Solche und ähnliche schwermütige Gedanken hatte ich, als ich eines Tages aus den Katakomben des Stephansturmes wieder an das Licht des Tages trat und schnell durch das frivole Treiben der Gasse nach Hause ging.

In diese Katakomben nun will ich den freundlichen Leser begleiten, daß er ein ernstes Stück Vergangenheit vor sich sehe, und daß er etwa anfange, über den ernsten Inhalt der Worte Gott, Weltgeschichte, Ewigkeit usw. nachzudenken.

Wer immer über die Spinnerin am Kreuz (ein schöner Getreidehügel, über den die Triester Straße führt) oder über einen der Westberge Wiens gegen die Stadt kommt, der wird die alte, ernste, große Stephanskirche mitten in dem Häusermeere wie einen Schwerpunkt ruhen sehen und sich dieser Symmetrie erfreuen; aber dies war nicht immer so, sondern bei ihrem Entstehen lag die Kirche sogar außerhalb der Stadt, und wie es eine rührende Sitte unserer Ahnen war, um den Ort, an dem sie sich im Leben Trost und Zuversicht holten, nämlich um die Kirche, auch im Tode zu schlummern, welchen Platz sie mit dem schönen Namen Friedhof belegten, so war es auch um diese Kirche, und manche alten Leute Wiens sagen noch immer statt Stephansplatz Stephansfriedhof28, aber es ist kein Friedhof mehr; denn diese Sitte der Altväter ist ebenfalls aus allerdings sehr nützlichen Sanitätsrücksichten abgeschafft worden, und heute ragt jede Kirche geradewegs aus dem lustigen Getümmel des Alltagslebens empor und ist fast ein gewöhnliches Haus geworden, so wie sie einst aus den Monumenten des Todes emporstieg und selbst von seinen Schauern umweht war.
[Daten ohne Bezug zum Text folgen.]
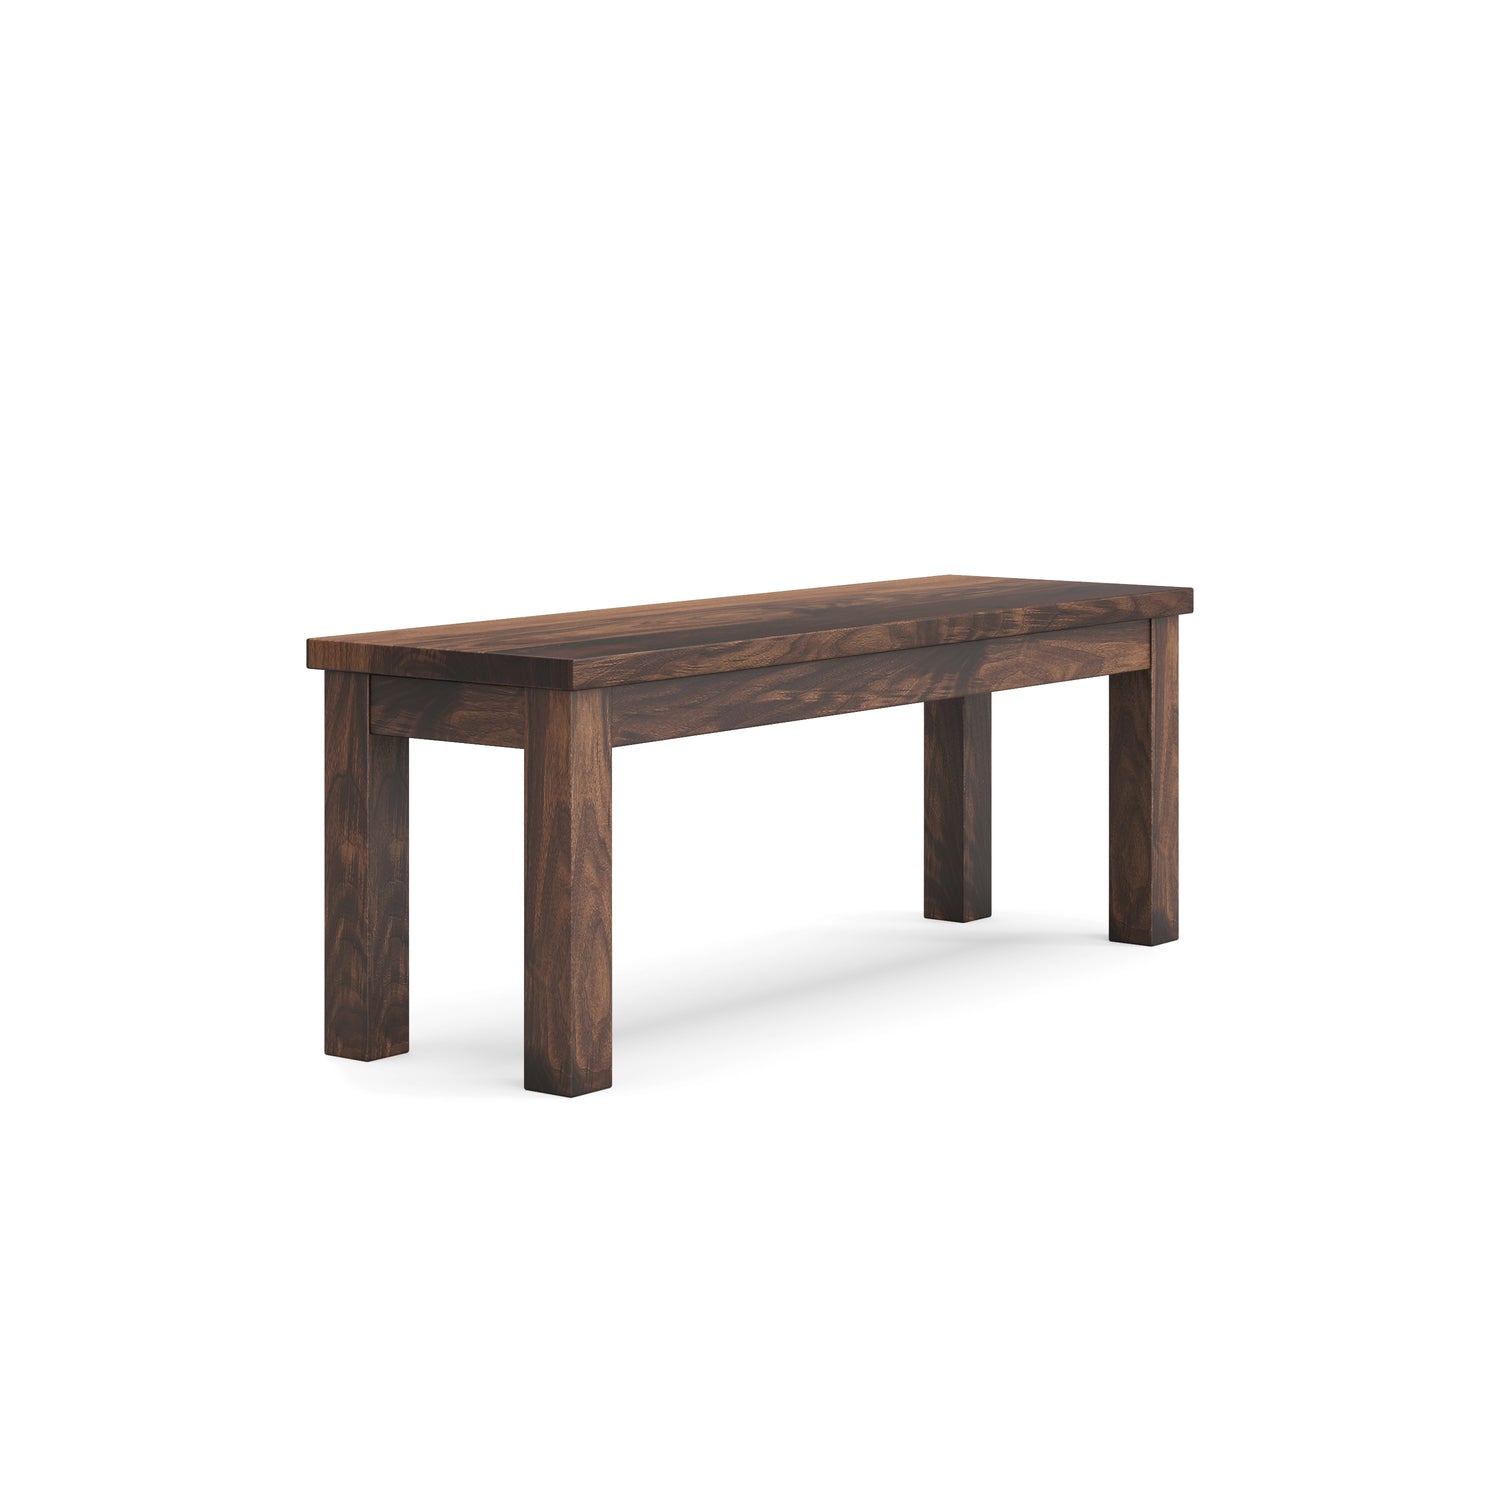 Classic solid wood bench

Oft, wenn ich über diesen Umstand traurig war, dachte ich: wenn sie nur tief genug grüben, so könnten schon die Toten an ihrer Kirche ruhen, und wie wäre es religiös feierlich, wenn jede Kirche, selbst in den Städten, mit einem großen Garten der Toten umgeben wäre, der durch eine Mauer von der leichten Lust der Lebenden getrennt wäre, daß sie ein Gedanke der Ewigkeit anwandeln müßte, wenn sie durch das Gitter einträten.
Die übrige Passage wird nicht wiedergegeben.